Assessing representativeness of those with high EHR-continuity

We observed small to modest differences between the distribution of CCS in the top two deciles of predicted MPEC and in the rest of the population, with a MSD for all CCS categories of 0.02 in the training set (Figure 4). Similar findings were found in the validation set and in all the years following the cohort entry (Table S2).

Representativeness: comparison of combined comorbidity score in those with predicted high vs. low EHR-continuity in EHR system 1

Sensitivity analysis

When assessing EHR continuity status every 180 days rather than every 365 days, the prediction model included the same set of predictors with the resulting prediction score highly correlated with the one generated by the primary analysis (Spearman coefficient =0.99). Very similar results were observed when assessing EHR continuity status every 545 and 730 days, respectively (Table S3). After Box-Cox transformation, MPEC was less skewed (Fisher-Pearson skewness coefficient²⁰ was reduced from 1.05 to 0.14). Using the transformed MPEC, our analysis yielded a prediction score highly correlated with the original model (Spearman coefficient =0.99). Similarly, the prediction score excluding those with zero MPEC was highly correlated with the original score (Spearman coefficient =0.99). We found the MPECs with various weighting schemes for inpatient vs outpatient encounters were all highly correlated with the MPEC used in the main analysis (Figure S1).

Discussion

Based on two large US metropolitan EHR systems, we developed and validated a prediction score that was highly correlated with the measured EHR-continuity in both training and validation sets. Those with top 20% predicted EHR-continuity were found to have acceptable classification of CER relevant variables. In the validation set, patients with top 20% predicted EHR-continuity had 2.7 fold greater sensitivity and 4.0 fold smaller MSD, compared to the rest of the population.

Our findings suggest that restriction to the patient with high predicted EHR-continuity could substantially reduce the misclassification due to EHR-discontinuity. Because large-scale linkage between EHR data and a secondary database is rarely done due to privacy concerns, researchers with access only to EHR can use our model based on variables available in a typical EHR database to identify the EHR continuity cohort to improve study validity. In addition, we demonstrated only small differences in the co-morbidity profiles in patients with high vs. low EHR-continuity. These results thus suggest restricting a CER analysis to those with high EHR-continuity likely confer a favorable benefit (reducing information bias) to risk (losing generalizability) ratio.
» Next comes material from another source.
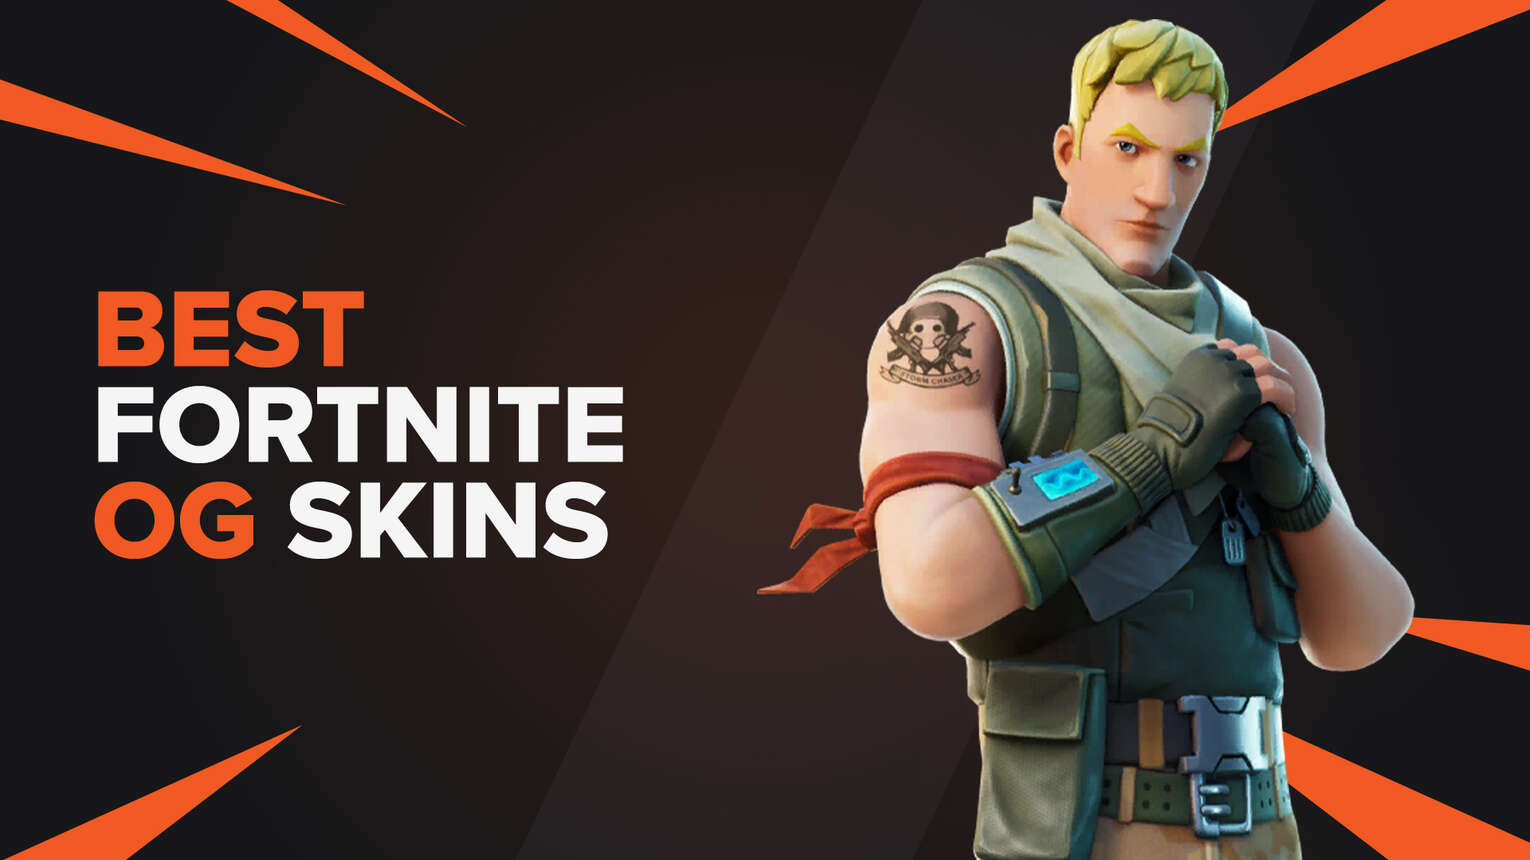 If You Own These Fortnite Skins, You Are OG!

It is important to note that our prediction model was only intended to rank patients based on predicted EHR-continuity, not to predict the absolute values of EHR-continuity metric (i.e., EHR encounter capture rates). We assume that people can be ranked based on the likelihood of receiving most care in the EHR system, which is plausible because active patients in an EHR often share some common features, such as receiving routine vaccines and screening tests, etc. In contrast, predicting the absolute values of EHR capture rates could be much more challenging. Besides, we found the top-ranked 20% of study cohort to have acceptable variable classification, based on a cut-off suggested in the context of achieving adequate confounding adjustment. As tolerance of misclassification may differ by research contexts, researchers could use the ranks based on our prediction model along with the data on mean misclassification metrics by predicted ranks to customize a high EHR-continuity cohort to meet their study needs. For instance, if a study requires a mean sensitivity of EHR capturing CER-relevant codes to be above 0.8, the investigators should select the highest decile of predicted EHR-continuity (Figure 3A).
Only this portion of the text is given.